Hydrogenaudio Forums > Hydrogenaudio Forum > Scientific Discussion
goodsound
I have still not found a definite and convincing answer on what is the (theoritical) dynamic range of the audio cd format. 98db ? 96db ? 90db ? I see these numbers thrown left and right everywhere. Altough 96db seems to be more "common", mostly accompanied with the popular expression - "dynamic range = 6 times the number-of-bits", and since audio cd data is 16 bits that equates to 96db. But is that right ?

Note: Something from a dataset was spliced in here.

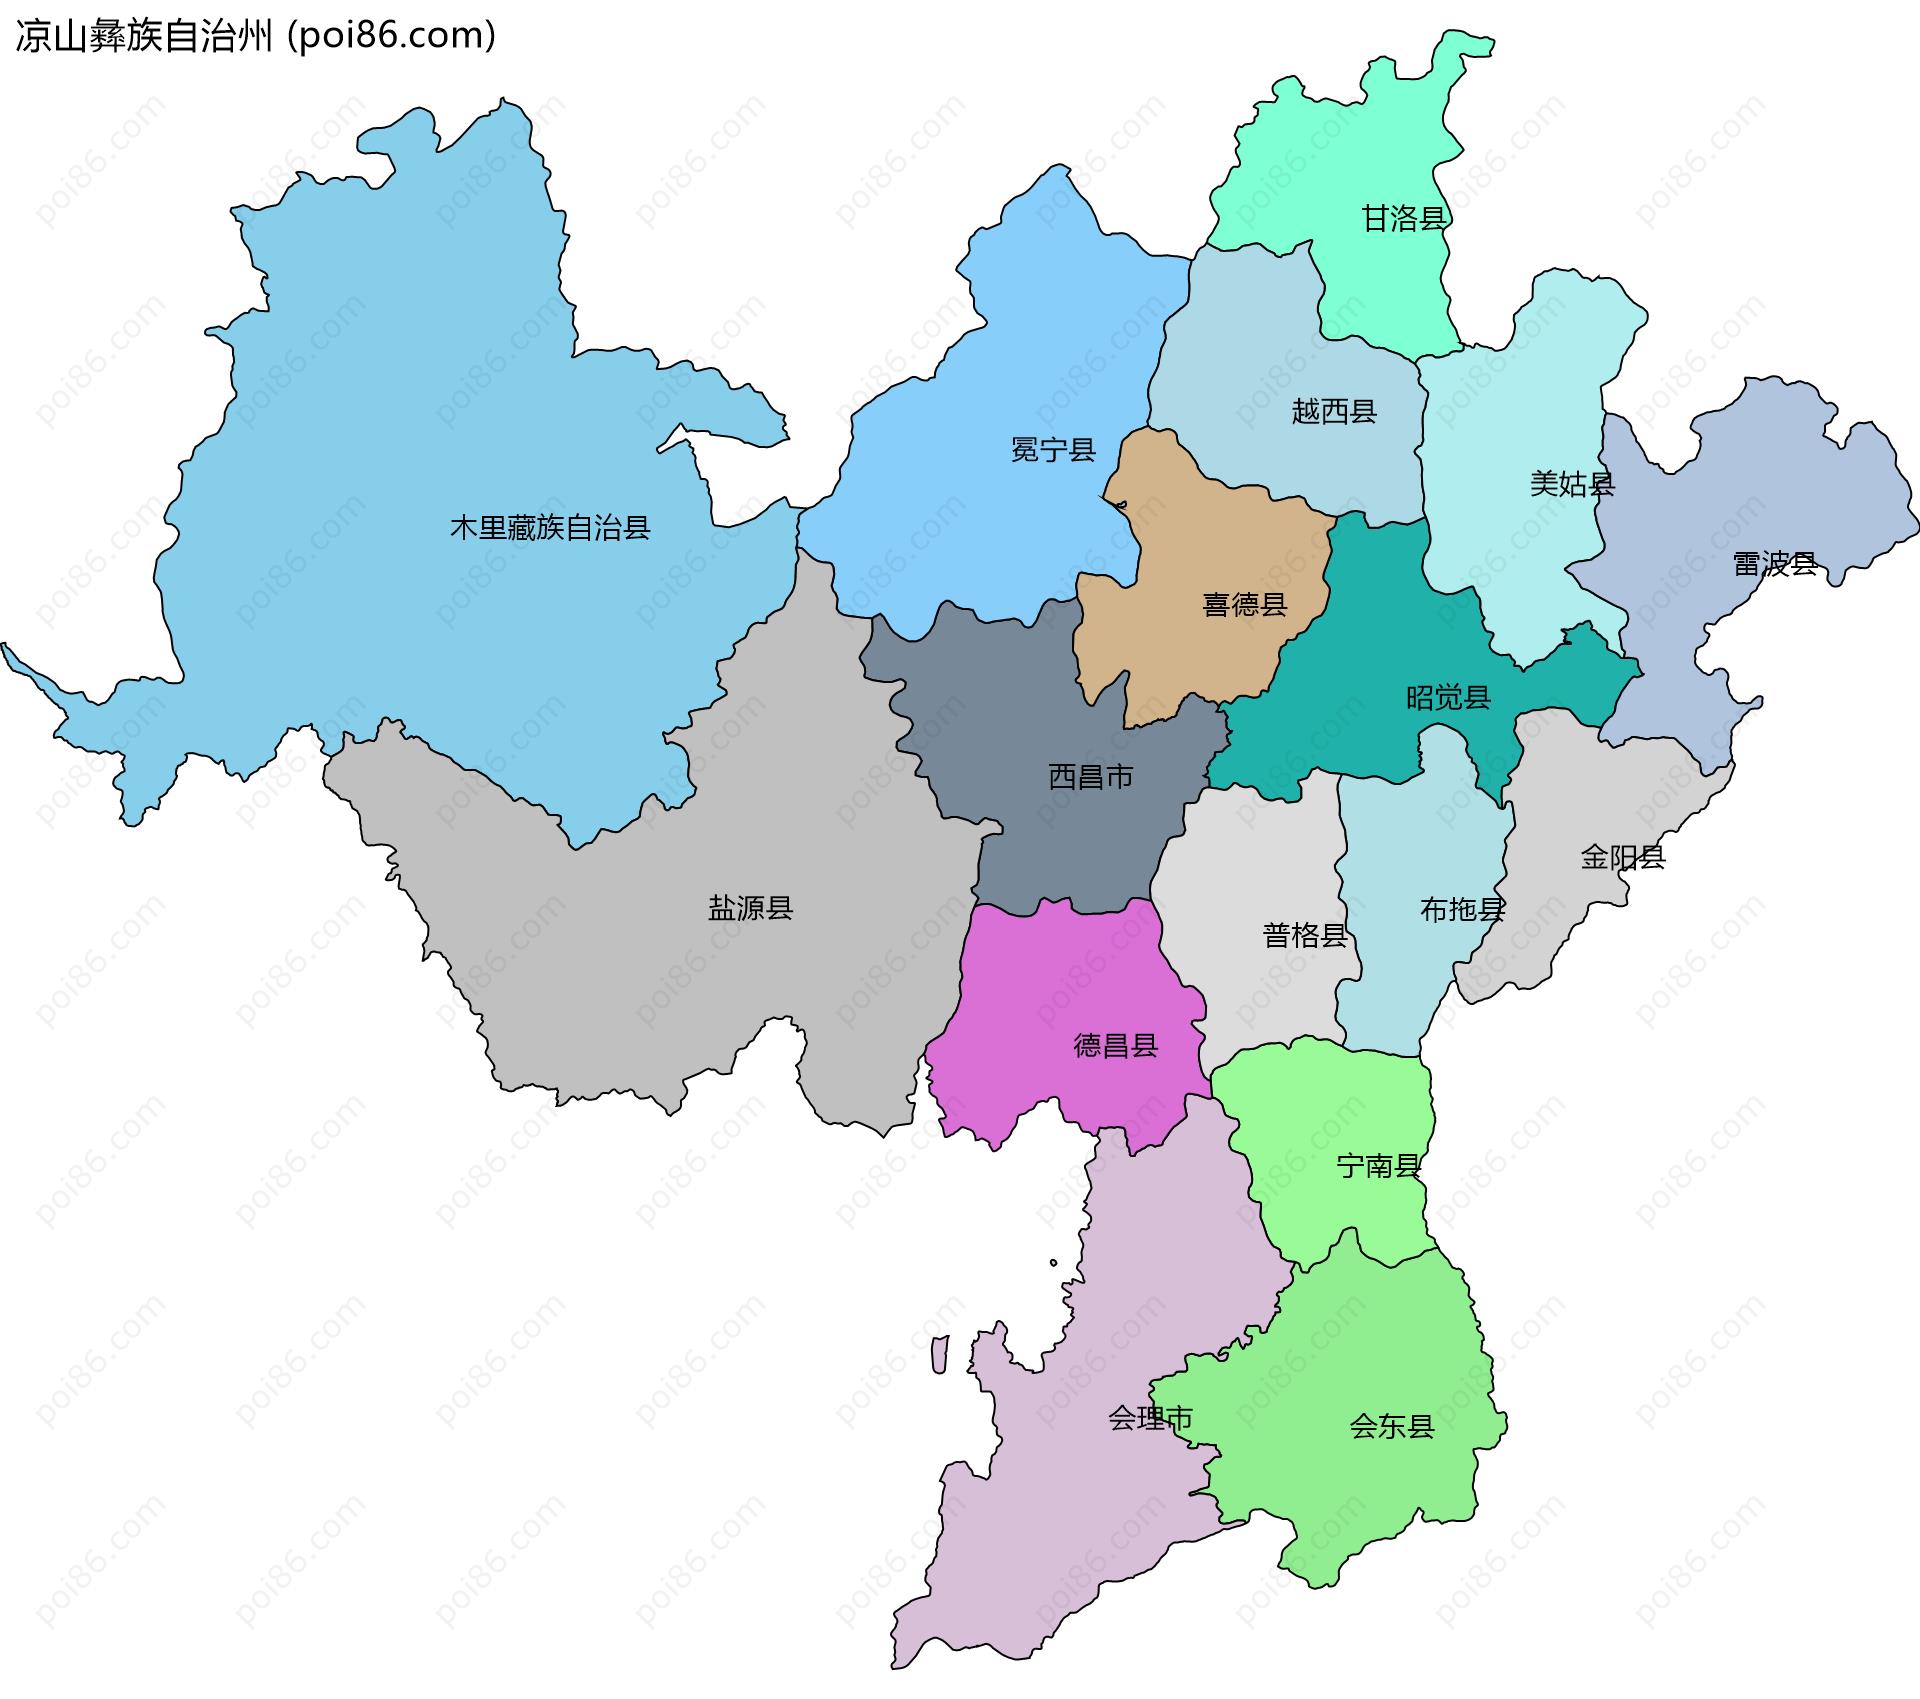 凉山彝族自治州边界地图

Because, even though all 16 bits are used, only 15 are available for storing the binary equivalent of the sampled analog signal amplitude. The 16th bit is just a "sign", a switch, which is simply
an indicator for the polarity of the sampled value - i.e. whether it was a sampled on the positive side of the sine/audio wave or negative. It does not contribute at all to the "quantization" of the analog signal. Then why should it be considered for calculating dynamic range ? So in my opinion it should be 6 times 15bits, and not 16, which is 90.3db.

Think like this - if the audio signal was a "rectified AC" type of signal(with no negative swing), and not a sine type signal like it is, then it would make sense to say that the dynamic range of the full 16 bits can be utilized, since the sign bit will free up and can be reused for quantization so you have 0 to 65536 unique quantization levels which equals 96.3db.

HotshotGG
QUOTE
Altough 96db seems to be more "common", mostly accompanied with the popular expression - "dynamic range = 6 times the number-of-bits", and since audio cd data is 16 bits that equates to 96db. But is that right ?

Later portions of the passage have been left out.